Ordering constraints for output processors
vivanishin opened this issue · 2 comments
Hi,
I have an agenda that looks like this, where trace_processor
and
metric_plotter
are both output processors that I have written. It is
important that trace_processor
is called prior to metric_plotter
, because
the former adds new metrics (by extracting the values from a trace file obtained
with mytrace_cmd
and calling job_output.add_metric()
in
process_job_ouput()
).
config:
augmentations: [~~, mytrace_cmd, trace_processor, metric_plotter]
workloads:
[...]
The order in which output processors are installed/run, however, is
non-deterministic because it is defined by set iteration order.
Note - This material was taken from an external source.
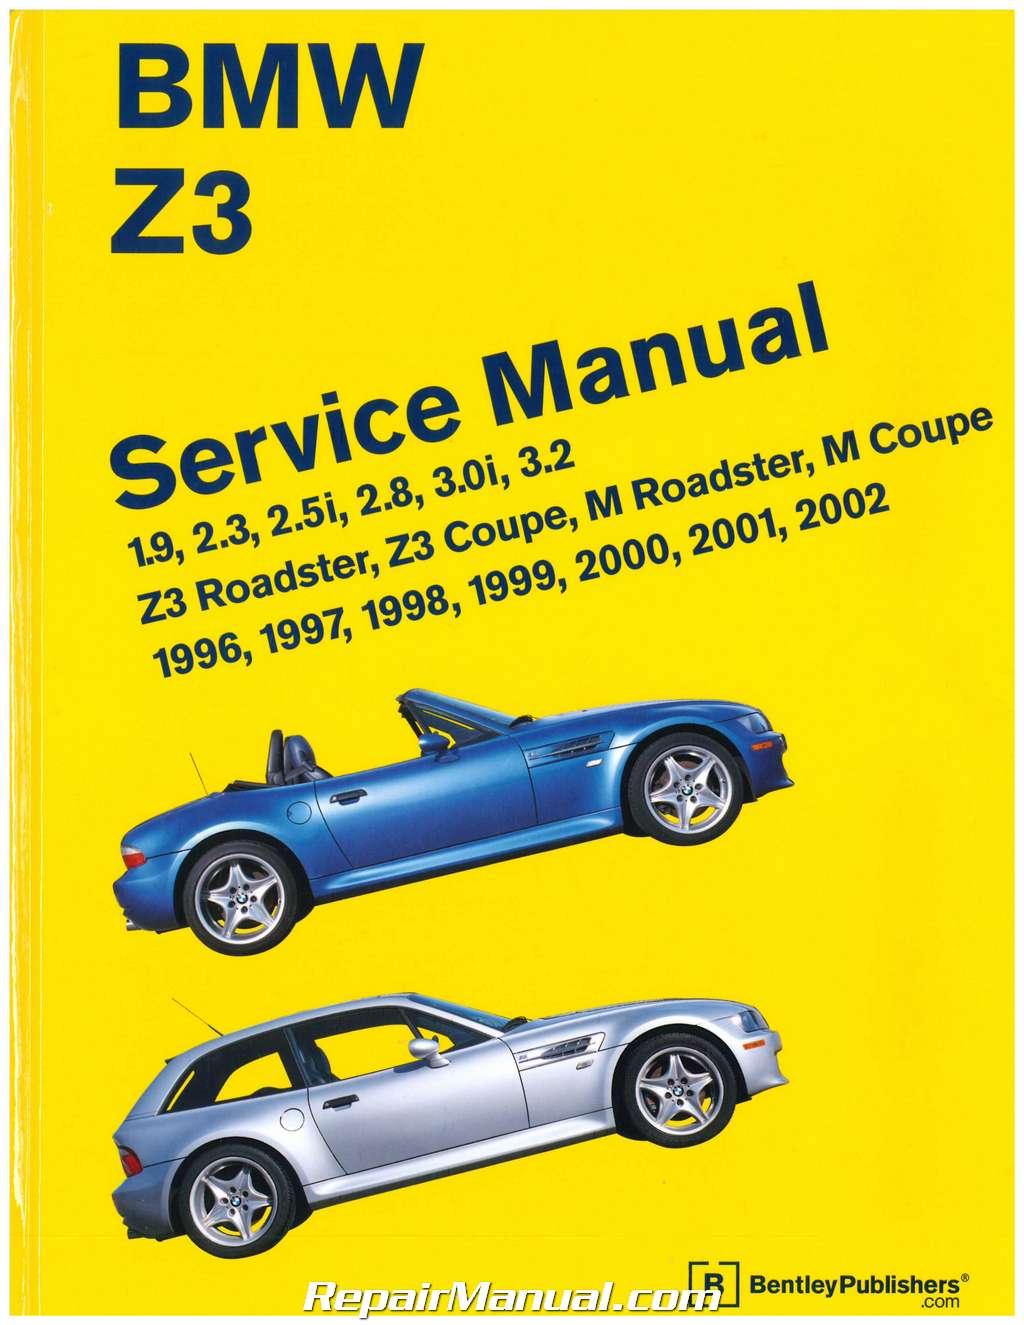 bmw z3 roadster printed service manual 1996 2002. Black Bedroom Furniture Sets. Home Design Ideas

I can work around the problem by removing metric_plotter
from agenda and just
post-processing the data with wa process -p metric_plotter wa_output
instead. However, being able to specify the desired behavior in a single agenda
is preferable, as this is run in an automated environment.
Alternatively, I could refactor trace_processor
by integrating it into
mytrace_cmd
and thus making it part of an instrument, not an output
processor. This has a downside of having to move any plugin parameters that
trace_processor
has to the instrument. Suppose I also want to process traces
from theirtrace_cmd
; now that too should get the same set of additional
parameters...
Currently, it doesn't seem possible to chain output processors with WA in the
way I imagined. Perhaps I'm missing something, or maybe there is a better way
than my approach with two output processors? I appreciate any suggestions.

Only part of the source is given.